Ya see, Doc, I’ve got this dream. And the point of it, I suppose, is to somehow reexperience what, looking back, seems like a truly wonderful part of my life. You know, the part I spent traveling long, empty-ocean distances on boats.

Oh, I know. I know. You can’t go home again. You can’t recapture the past. Or at least that’s what ­everybody says. But humor me, Doc. Let me give you at least a faint idea of what it was like, out there, on those extended voyages into the wild blue yonder. Maybe it’ll help.

First off, I should tell you about an old guy named Jack, a globetrotting, supertanker skipper turned Great Lakes pilot. Back in the day, Jack and I spent a good bit of time together shepherding ships across Lake Superior for a wild little outfit called the Great Lakes Pilots Association. And one peaceful night, somewhere northwest of Copper Harbor, while we both stood in the reddish glow of a chart table on board a frowzy Turkish freighter, Jack made an absolutely singular observation.

“You know, I love this stuff—I’ve loved it all my life,” he said, gesturing with a pair of dividers in a way that meant he was talking about all of seafaring, not just charts and chart tables. “But do you know the best part?”

“No,” I replied, watching the old boy expertly step off the mileage to our next hauling point with the dividers.

“Think about it,” he said, tossing the dividers onto the chart, “At this very moment pretty much everybody who’s important to you and me knows where we are and what we’re doing—but then again they don’t!”

It took several more years of bopping around the high seas—venue swapping from the lakes to the Gulf of Mexico and then the oceans of the world—before I really understood what Jack had been getting at. For a while, I figured he’d merely been acknowledging the way bluewater voyaging sets you free from the entanglements and responsibilities of life ashore, at least temporarily. But then one morning much further down the line, while departing Trinidad at the helm of a 200-foot oilfield supply boat, with the attractive prospect of days and days of open ocean travel ahead, I finally realized—what Jack had been saying was that seafaring is so different, often so astonishingly different, from shoreside life that those who don’t live and breathe it will never truly know its beauties and enchantments.
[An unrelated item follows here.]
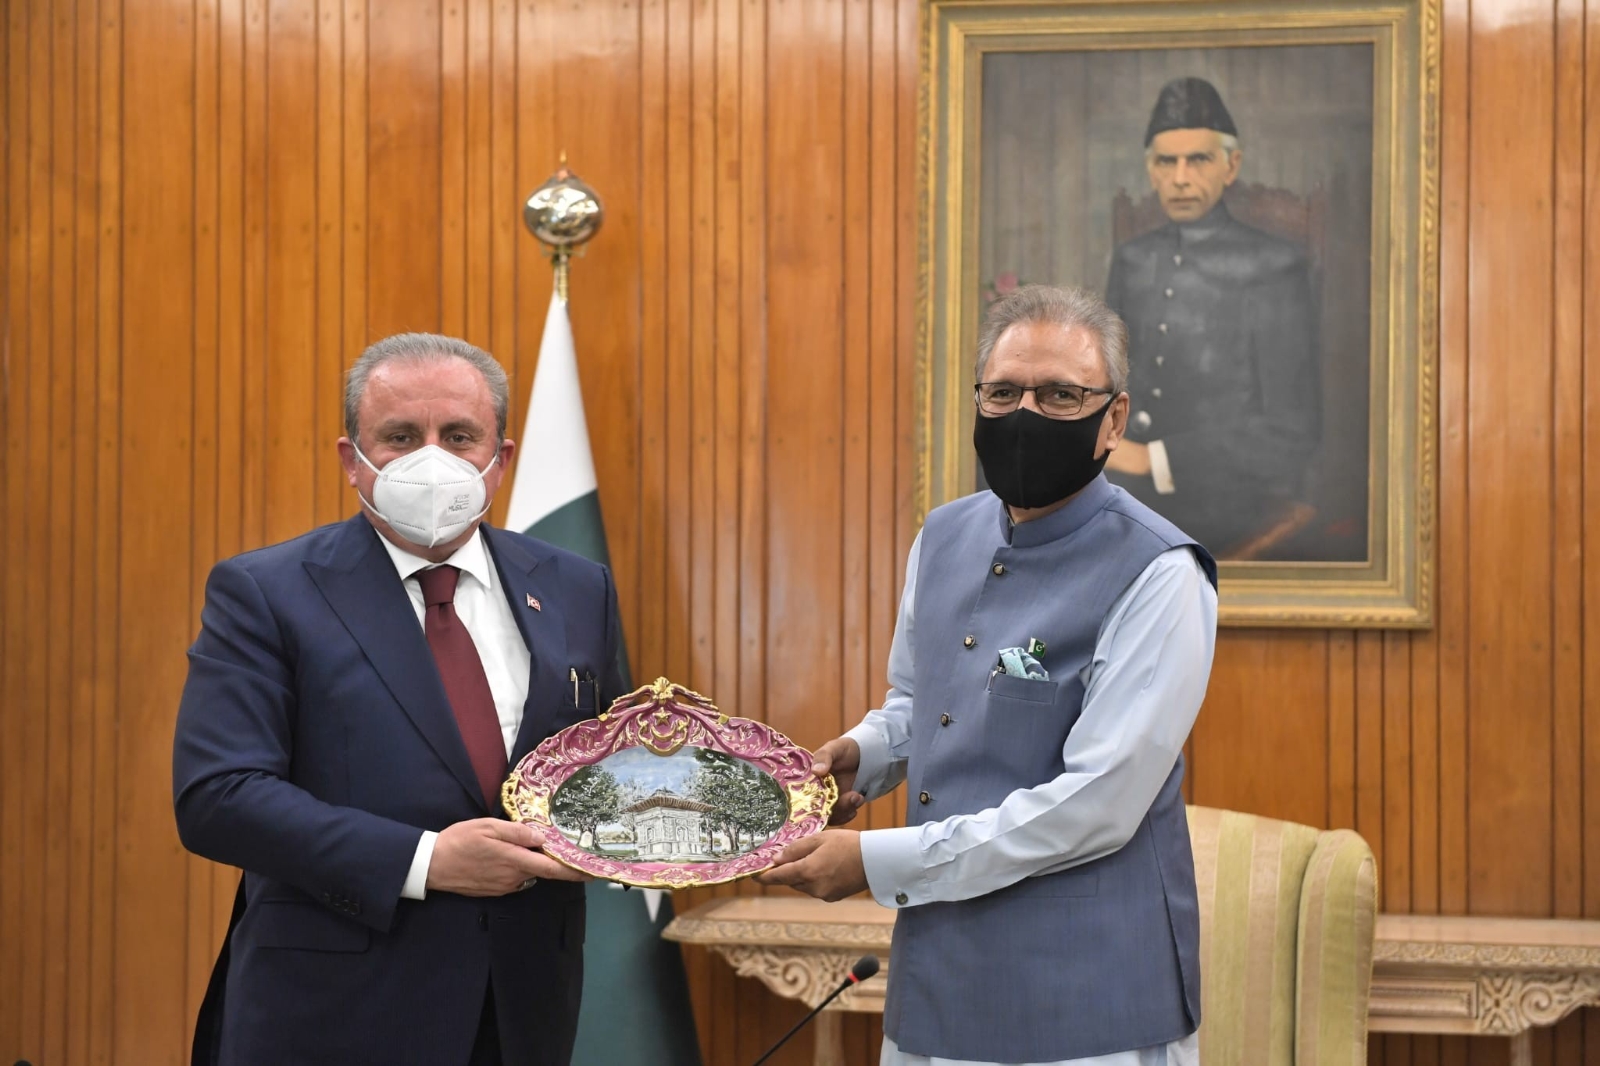 TBMM Başkanı Şentop, Pakistan Cumhurbaşkanı Alvi tarafından kabul edildi
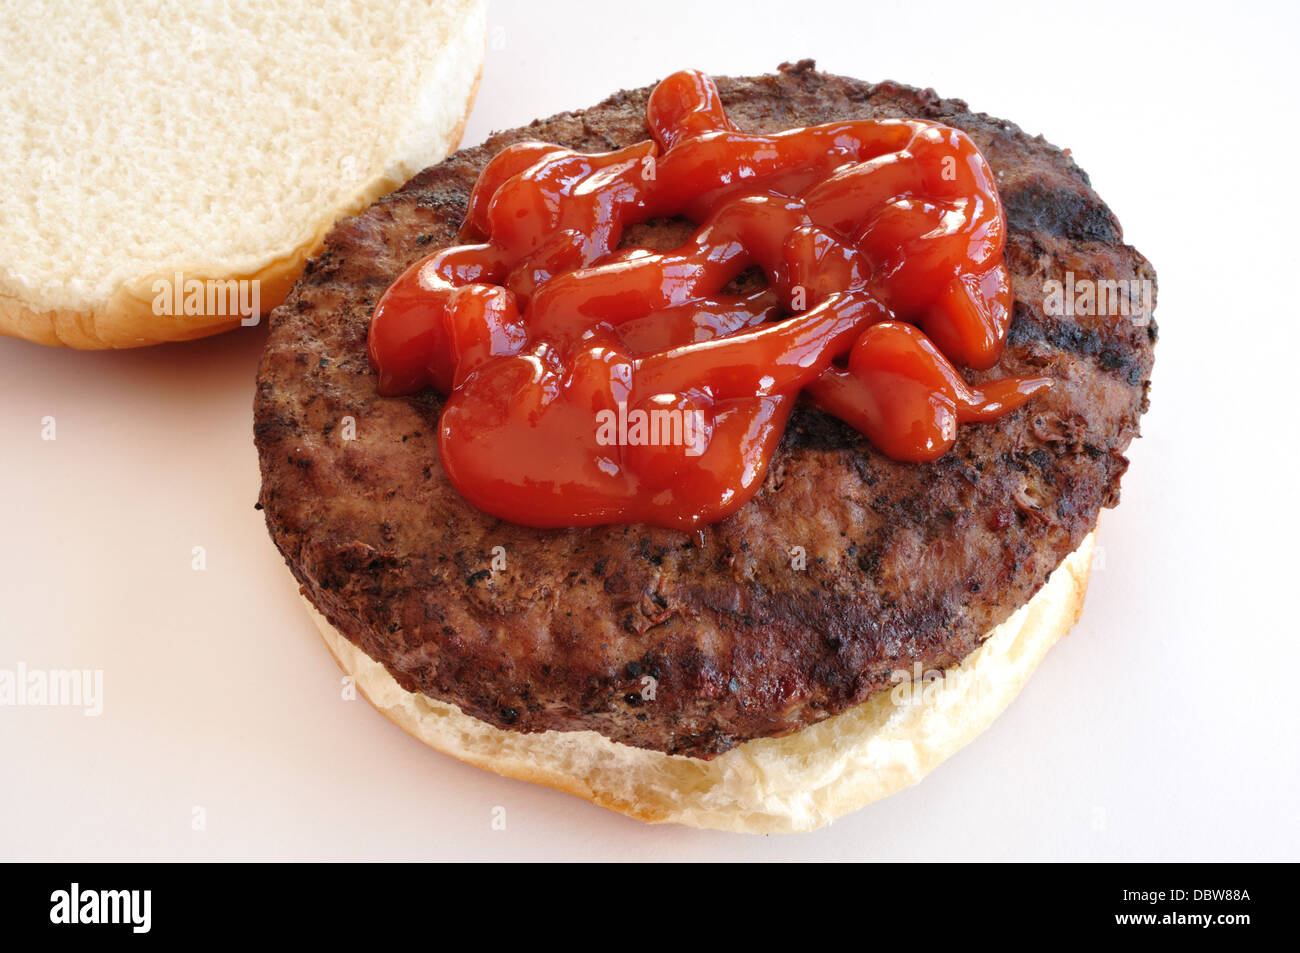 Hamburger grillé avec sauce tomate / Ketchup / Ketchup sur un petit pain / bap Banque D'Images

I continued my own seafaring career well beyond that trip to Trinidad. And as time ticked by I both enjoyed—and was occasionally terrorized by—hundreds of happenings that still play like movies in my mind today. Stuff like delivering American-built patrol boats to Panama—and collecting giant rolls of cash from guys in dark suits and reflector sunglasses. And dealing with outrageous storms on board old oceangoing tugs like the Sara Hayes and the Betty Wood. And watching literally thousands of bottlenose dolphins play the Humboldt Current off the coast of Peru, many of them shooting out of the big rollers like joyful rockets.

But yeah, okay, the dream?

Last summer, I bought a comparatively small, 30-year-old pocket cruiser, mostly because I love her classical good looks. And although the boat has additional virtues, like a practically new Awlcraft paint job and a practically new Yanmar diesel, I was fully aware when I purchased her that she needed a good bit of upgrading, particularly in light of the very special plan—the very special dream—I had in mind for her.

The idea, you see, is to do a trip like I used to in the old days. Only this time, I’ll be traveling from the Florida coast to the Bahamas or, more particularly, to Hopetown in the Abacos, a destination that, for some reason, inspires me today just as much as places like Port Moreseby, New Guinea, and Antofagasta, Chile, used to way back when. And, of course, to safely actualize such a jaunt, a very reliable boat is called for, a boat that, while old, must be rendered entirely new in terms of systems.

So Doc, is it any wonder we’re talking a serious refit here, with new electrics, water, sanitation, mechanicals … you name it? And is it any wonder that so much work is required—along with so much money and so much time spent away from home—that my wife is making unsettling pronouncements these days like: “You’re obsessed, obsessed! You need to see a psychiatrist. I mean it!”

Oh sure. Sure. I get your drift. Flowers? Yeah, okay. Hit a few long-neglected chores around the ranchero? Maybe a nice romantic dinner for two some place? Certainly. But I’m not crazy, eh Doc? I mean like crazy-crazy, right? Oh! Shoot! Really. Huh! Really?